Şaka maka önce en iyi çocukluk arkadaşım Sinem'i evlendirdim, sonra 7 senelik sıra arkadaşım ve sırdaşım ve kardeşim kadar yakın Esra'yı everdim, şimdi de 9 yaşından beri dibinden ayrılmadığım, yollarımızın öyle veya böyle kesiştiği dostum Aysun'u evlendiriyorum. Ben ona diyorum "gidiyorsun, boşluğa düşeceğim", o diyor "artık siz de kocalarınızla oturun". Ben diyorum "ilk defa yollarımız ayrılıyor", o bana diyor "kimse sizin gibi olmaz ama artık evli evine köylü köyüne". Eh diyorum eşek kadar olduk, eh diyor "artık vakti geldi". Haklı ne diyebilirim ki?
Ben dostlar hep yakınımızda kalacak zannetmiştim. Büyümeyi kabullenemeyişim gibi bunu da kabullenmem pek kolay olmuyor sanırım. Esra'nın düğününde hüngür hüngür ağlamıştım. Ama insan duygulanıyor be kardeşim. Daha dün miniktik, diyorsun, daha dün lisede ergendik, sonra geldik üniversiteye çatlaklıklar konserler eğlenceler... O kadar büyüdük mü yaw? diyorsun. Bir bakmışsın herkes yavaş yavaş yolunu çizmiş, bir arkadaşımın da kızdığı üzere ve benim söylediğim üzere "eşini bulmuş, işini bulmuş".
Hayıflanacak bir şey de yok ya bunda. Erken kalkan erken yol alır erken yol alan erken döl alır, derdi annem. Bilirim bilirim. Tabii bir de şu var, insan eğer doğru kişiyi bulamamışsa bu tür şeylerde diretmemesi çok normaldir. Doğru olduğuna inanmak lazımdır. İnandırılmak lazımdır.

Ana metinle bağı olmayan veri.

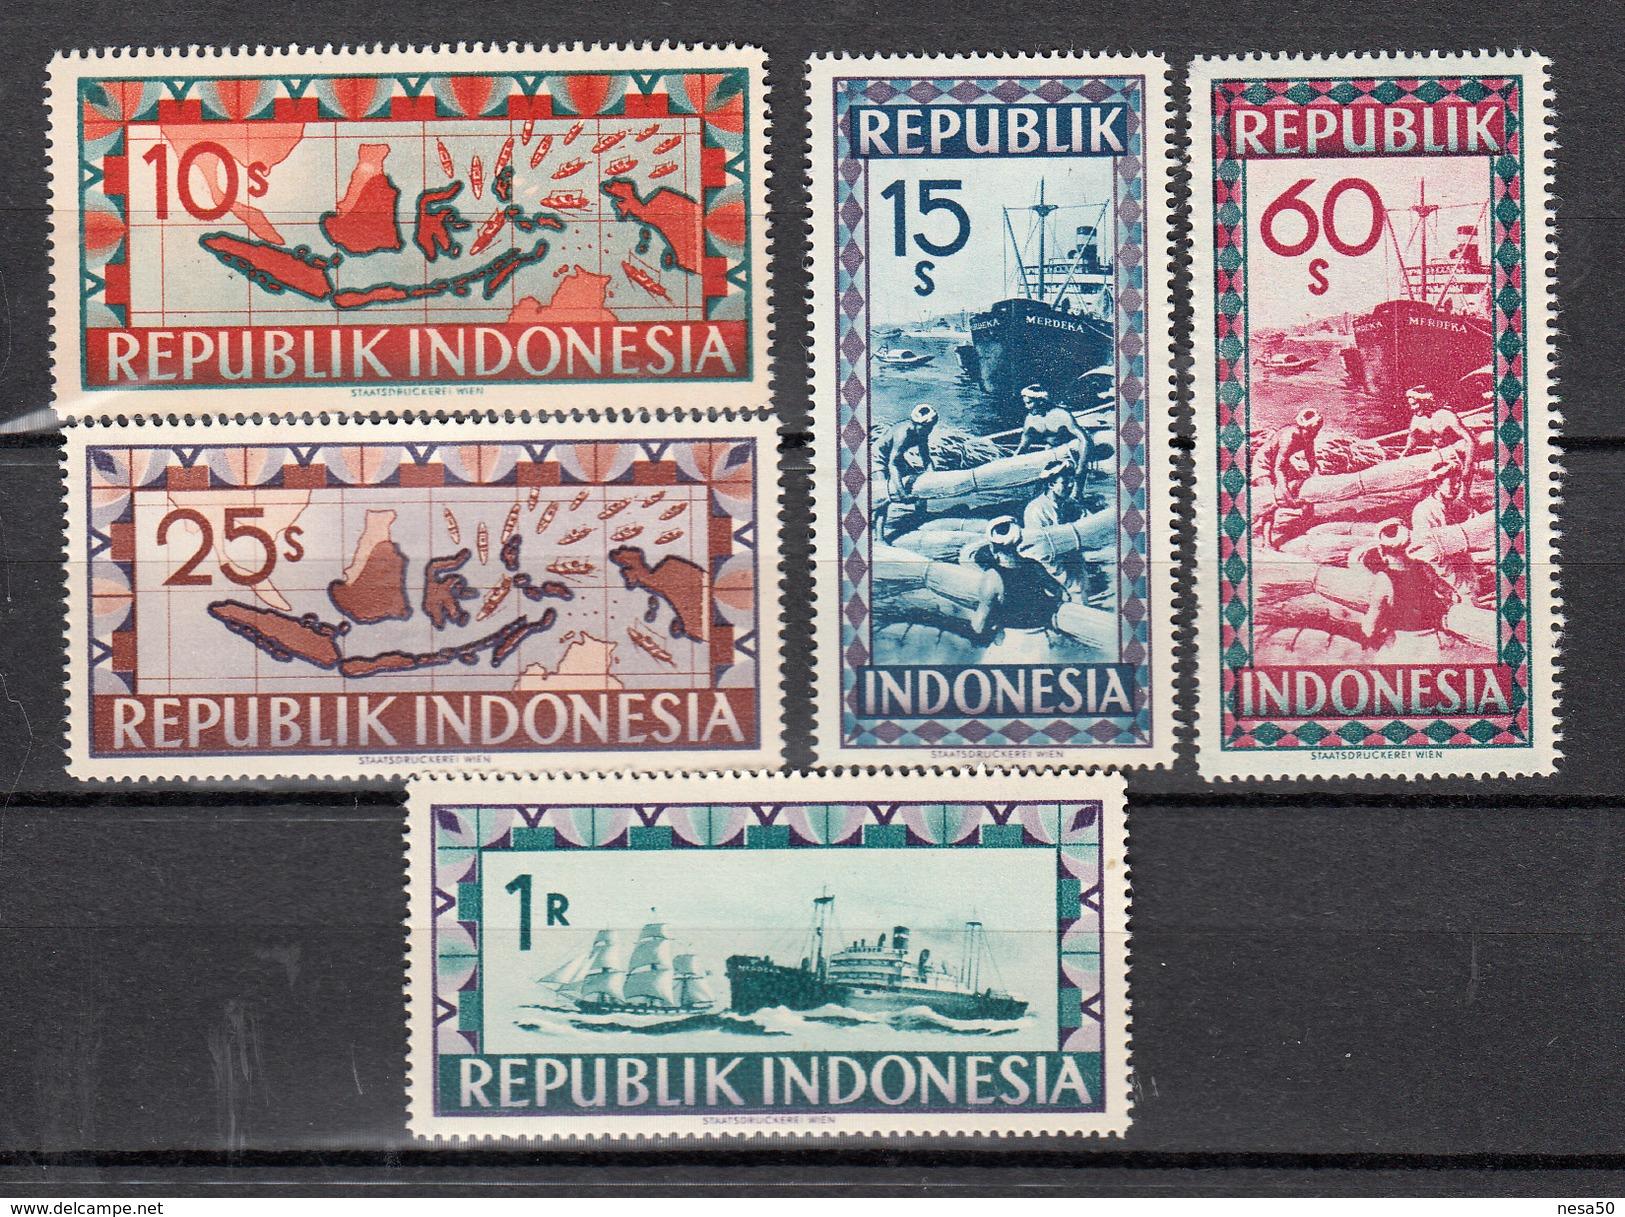 Indonesie, Republik Indonesia   Lokale Uitgaven 1949 Mi Nr 91 - 95 ; Landkaart, Schip, Ship, Zeilschip Postfris - Indonesia

Bir kadın buna inanmazsa adım atmaz.
İnsan korkar ya sorumluluktan öyle korkuyorum "evlilik" lafından. Oysa doğal bir süreç bu. İnsanın yaşı geldi mi de eğer evlenmeyi düşünen biriyse evlenmelidir tabii ki. Gecikmemelidir. Geciktirmenin bir manası yoktur çünkü. Hem çocuk da isteniyorsa...
Hiç evliliğe karşı olmadım şimdiye kadar, ama kendi sorunlarımı öyle çözemedim ki birisiyle beraber sorun çözmeye çalışmak zor geldi hep. Birisini kendimmiş gibi düşünememe bencilliğinde yaşadım gittim. Hep karıştırdım her şeyi birbirine, anlatılmaması gerekenleri anlattım, söylenmemesi gerekenleri söyledim, işleri güçleri duygusallığı ve özel hayatı karman çorman ettim. Sabırsız davrandım. İçimden gelen sesi dinledim. İçimden gelen ses böyle dedi hep "Bu o değil" "Bu o değil".
En kötü tarafı da insanın bir yaşa gelip kendini tanımadığına inanması. Ben kendimi tanıyorum ama yeterince tanımıyorum. Bu yüzden de işte önce diyorum önce kendi sorunlarımı çözeyim, halbuki hiçbir insanın hiçbir sorunu öyle bir zaman çözülüp de yeni bir aşamaya geçilmiyor. Sorunlarla mücadele etme sürecinde bir sürü başka şeyler oluyor ve yanında biri varsa, gerektiğinde sırtını yaslayabileceğin... hayatta hiçbir şeyin sırayla olmadığını aslında her şeyin üst üste geldiğini daha iyi anlıyorsun. Tam kendini tanıyamayacağını sandığın anda ise yaşadıkların gösteriyor ki aslında kendini tanımaya başlamışsın. Yine sorguluyorsun. Şimdi zamanı değil, henüz değil henüz değil, diyorsun bu sefer.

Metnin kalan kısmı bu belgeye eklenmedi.